If anyone has an opinion on this I would love to hear it. If anyone from Garmin is listening, then you could fix this problem - an apprentice could design the proper bracket in a day and a chinese toolmaker would make you a tool for $5000.

Cheers

Iain


----------



## KevinB (Oct 5, 2004)

Blaze591 said:


> (e) A RAM mount - they seem really heavy duty - probably only suitable for motorbikes?

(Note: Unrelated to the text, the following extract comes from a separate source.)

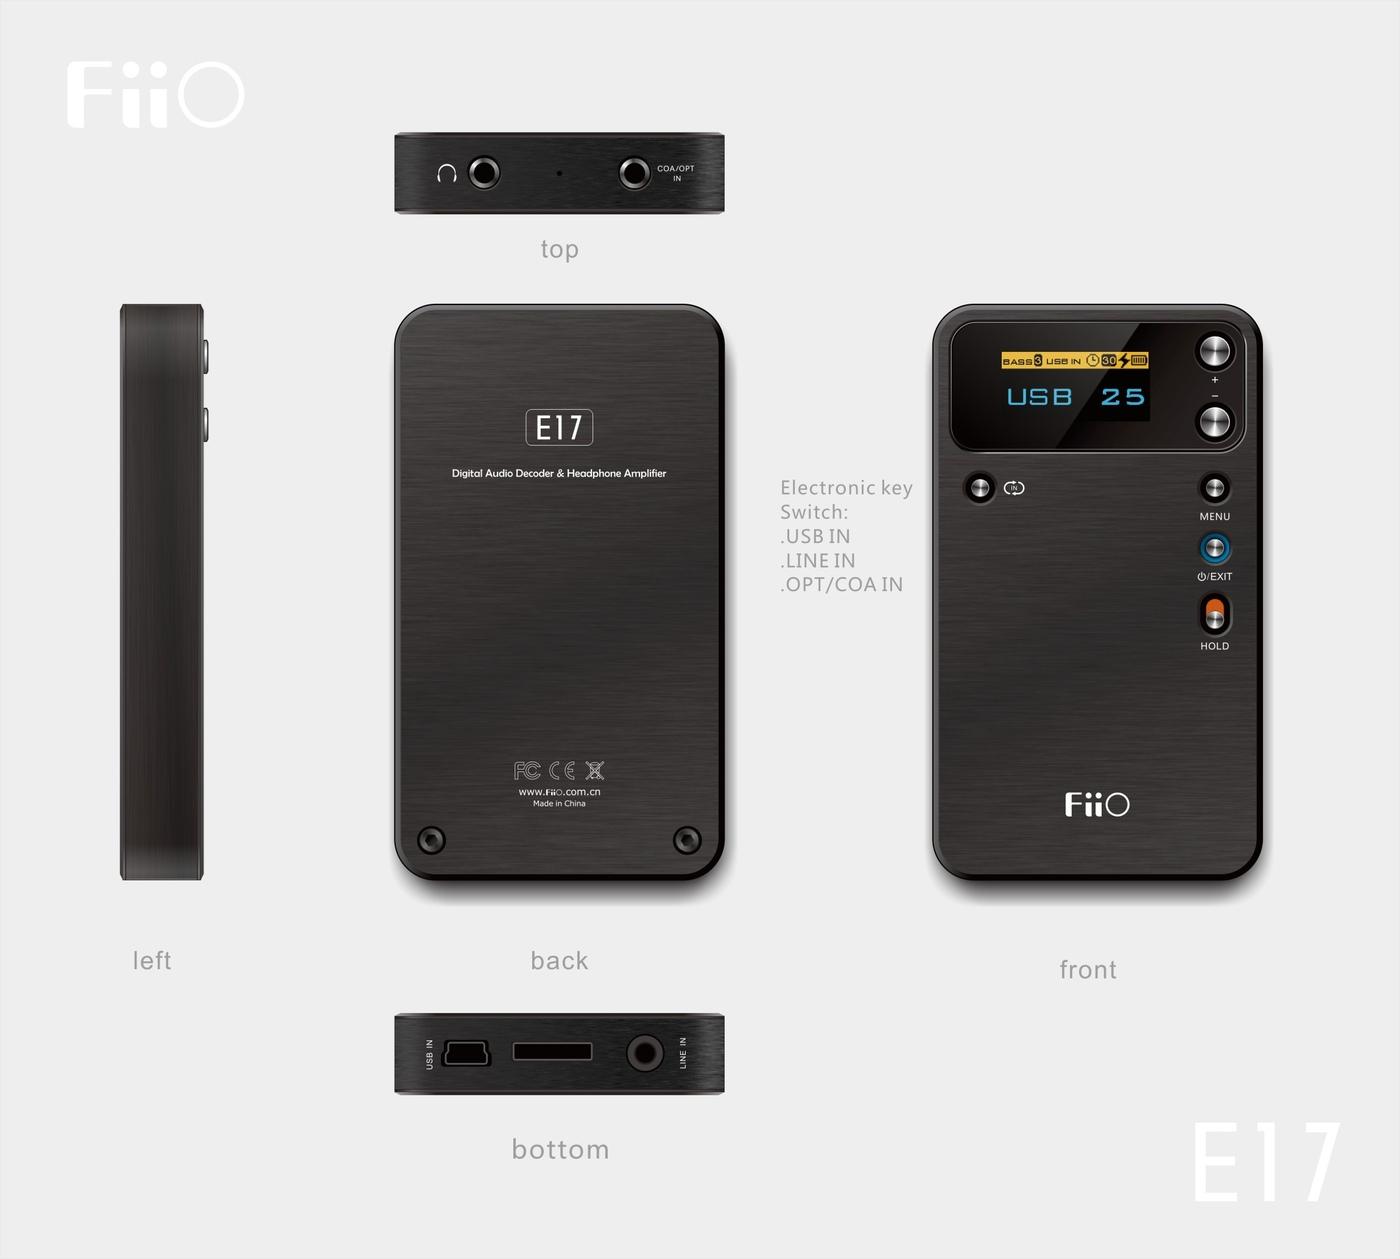 Fiio_Coming_Out_With_An_E7_Successor_The_E17

I have a RAM mount for my Etrex Vista. It is really heavy duty. You definitely don't want one if you're a weight weenie. The one I have does a good job of cradling the GPS though and provides decent protection in case of a fall. I've taken a few falls while using it and no damage has ever occurred to the GPS. The outer part of the cradle is a little scuffed though. I also have a Vista Cx but, unfortunately, the RAM mount for the old Vista doesn't work that well for the newer unit. RAM has a different mount for the newer (color) eTrex units. I've looked at a picture and it appears that they do not cradle the GPS as well as that older unit that I have.


----------



## BigLarry (Jul 30, 2004)

*New stem, not mount.*

I found some stems have much less vertical protrusion then others, so with the right stem, I was able to get the Garmin mount with my eTrex Vista to fit securely right next to the stem on the straight part of the handlebars.


----------



## Nathan Cloud (Jul 18, 2005)

I thought this was rather ingenius:

http://www.instructables.com/id/EPE8L76IEBEQHOA4ED/

A little unsightly, but it has a lot going for it


----------



## sparky 821 (May 27, 2006)

I welded up a bracket that mounts the gps on top of the stem. was really simple to do. I took a piece that matches the diameter of the garmin bar mount. and a section of flat stock that I bent to match the curve of my bar. works great, gps is in perfect view of me when riding. sorry i dont have any pics, but i will take some soon


----------



## tdhood (Apr 1, 2005)

Blaze591 said:


> Options so far are;
> 
> (a) A Topeak xtender - they look a little odd - anyone got any experience?
> (b) Some kind of accessory bar that'll bridge across the front of the riser bar - left to right horizontally - i've seen these fitted to bikes but I'm buggered if I can find one online.
> ...


I'll add to these:

(f) The Syntace Nob, which I picked up at my LBS for $15










My apologies for the quality of the pics, but here's my stem-mounted Vista Cx.




























It's a little off-center, but it's fairly low-profile & keeps the eTrex in a (more or less) protected position. Hope this helps...


----------



## YoMontare (Oct 18, 2006)

*swing grip*

I am using the >MINOURA SWING GRIP EXTENSION BRACKET <. 
Clamps to stem and you can position the gps above the handle bar. Also allows room for a light to be mounted next to the gps.

http://www.cyclestore.co.uk/productDetails.asp?productID=4913


----------



## EOS (Sep 15, 2006)

This is what I'm using for my Etrex. Works great!


----------